**Supplied data**

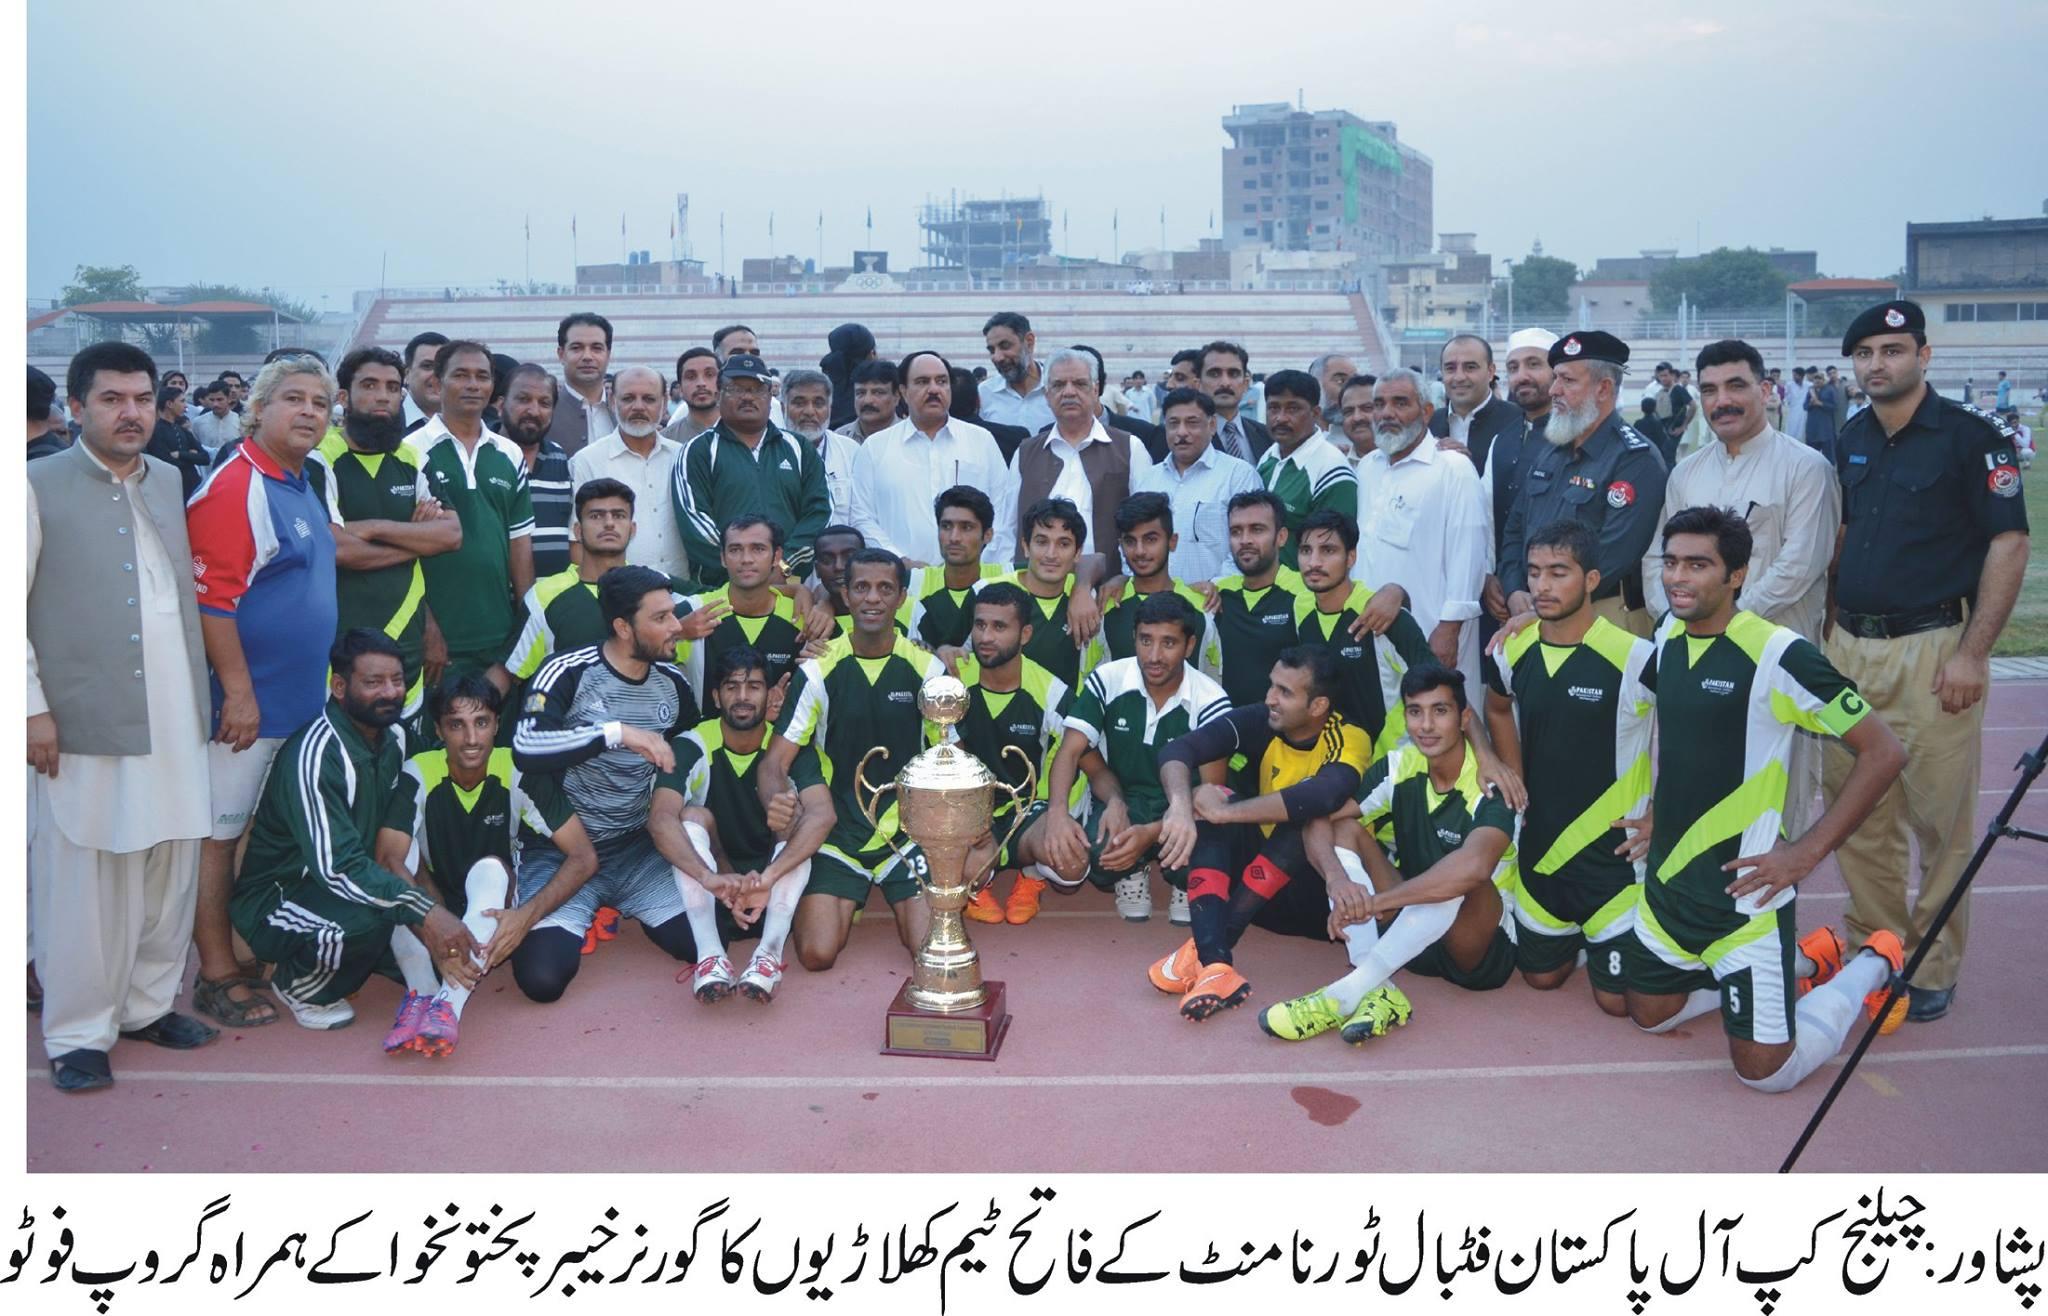 pia-celebrate-all-pakistan-shama-challenge-cup-2016-in-peshawar
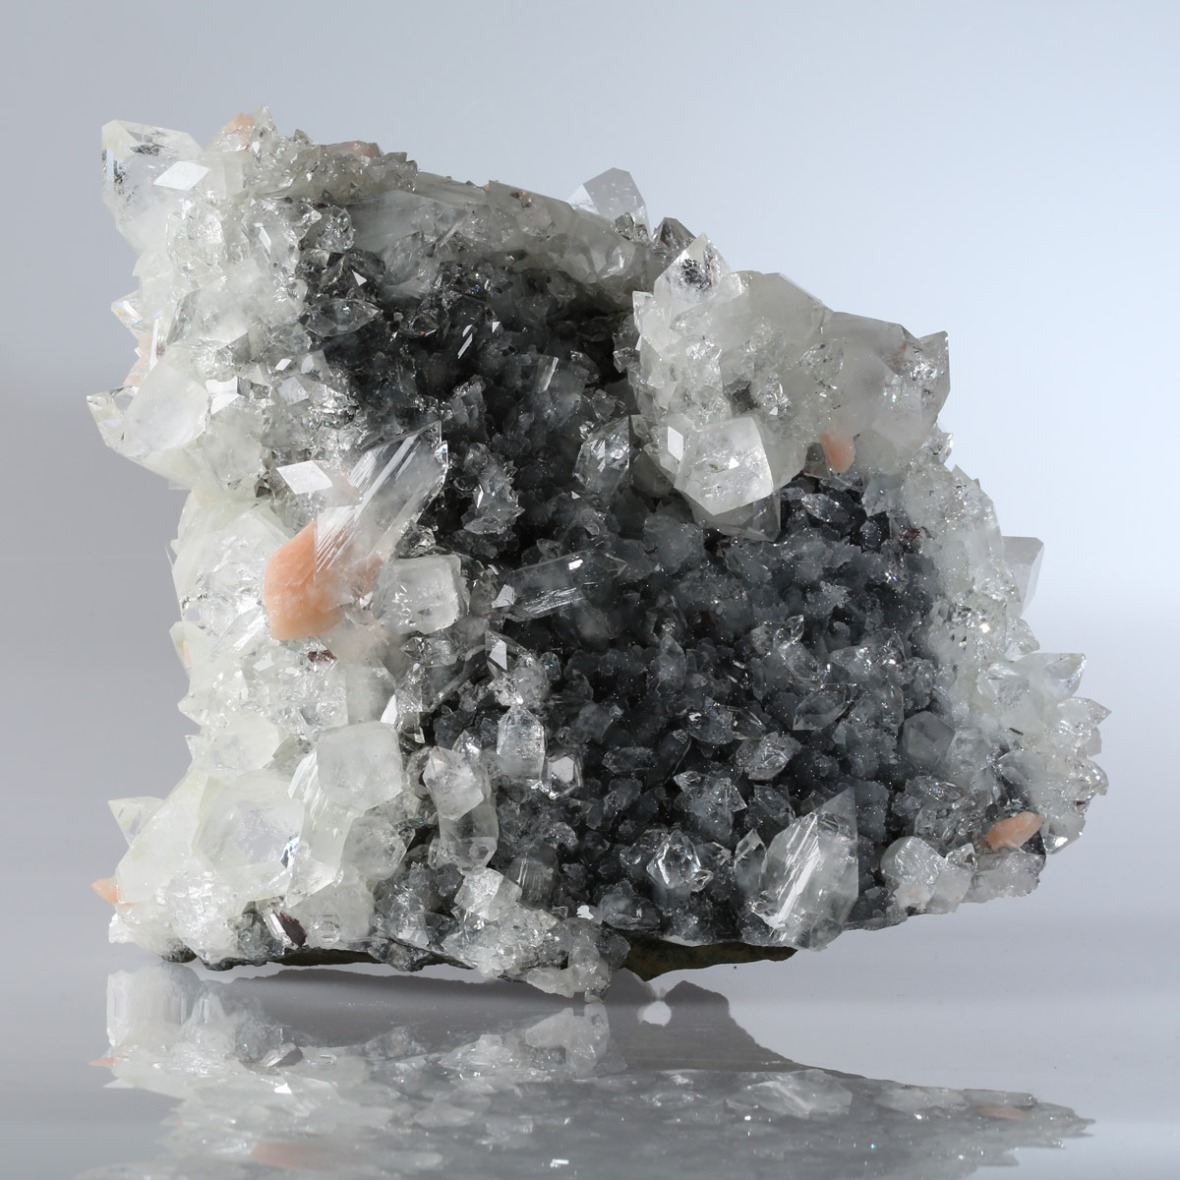 Apophyllite photographed by Serge Briez for Imagin'all (http://www.cristaux-sante.com)
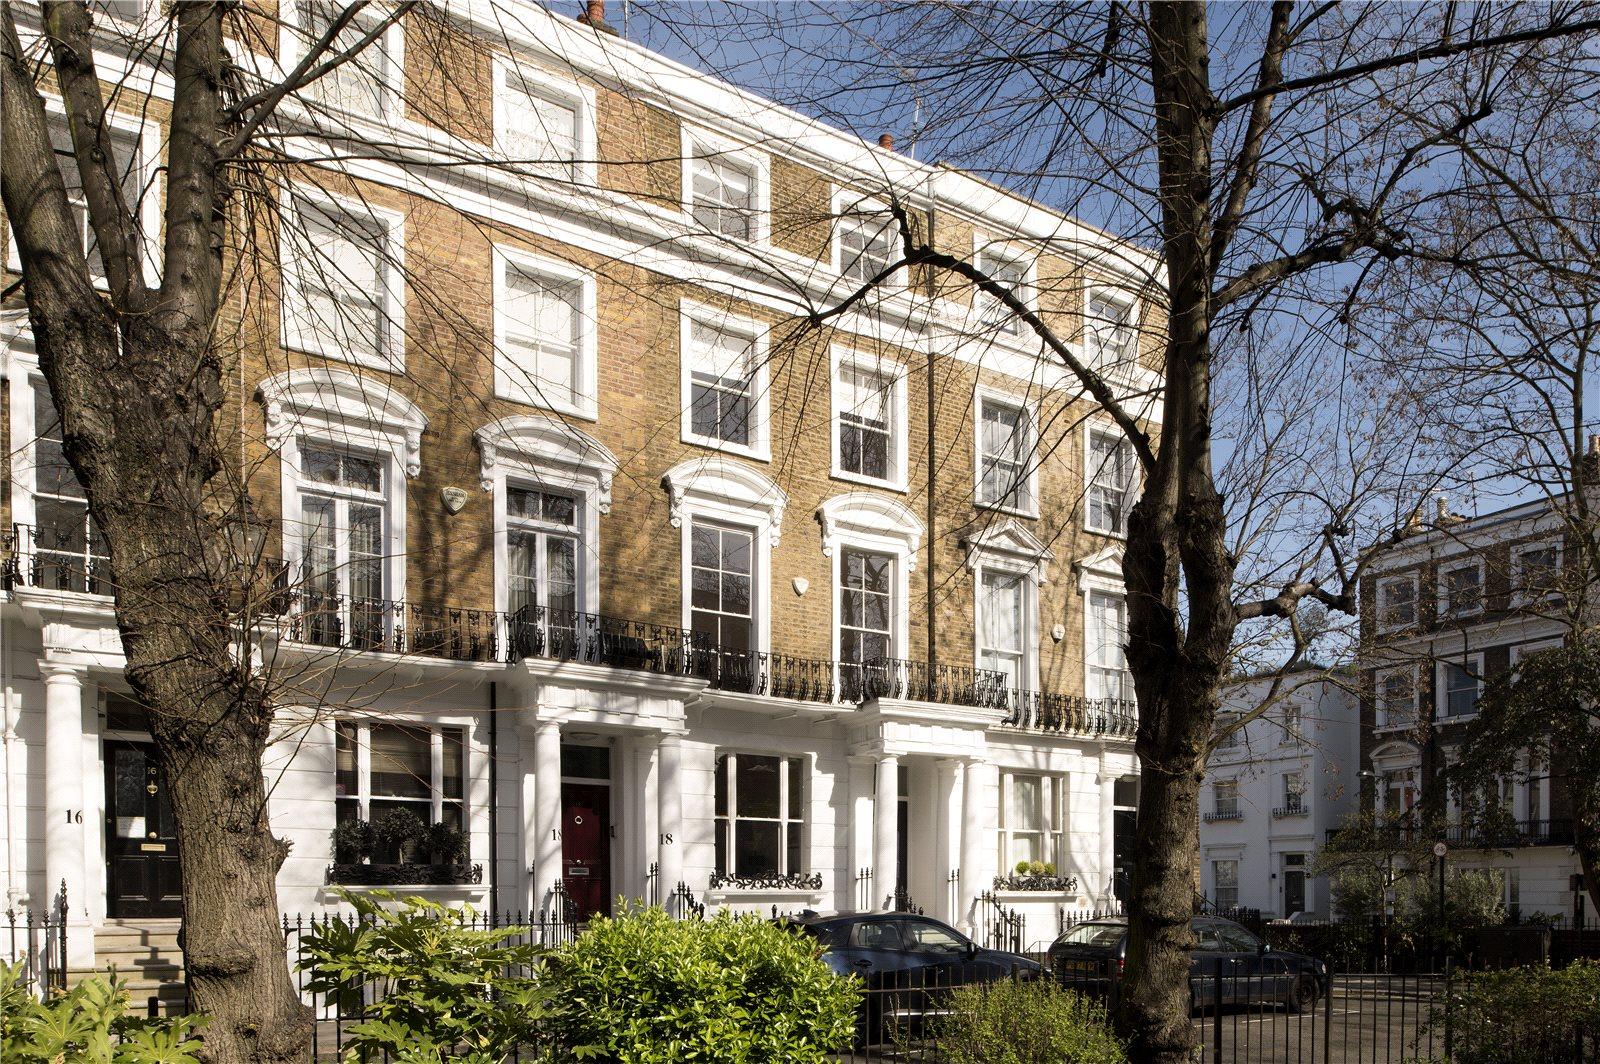 Moradia para Venda às Kildare Gardens, Notting Hill, London, W2 Notting Hill, London, Inglaterra

**Action item**
Restate the listing word for word, pictures excluded.

**Solved problem**
 pia-celebrate-all-pakistan-shama-challenge-cup-2016-in-peshawar
 Apophyllite photographed by Serge Briez for Imagin'all (http://www.cristaux-sante.com)
 Moradia para Venda às Kildare Gardens, Notting Hill, London, W2 Notting Hill, London, Inglaterra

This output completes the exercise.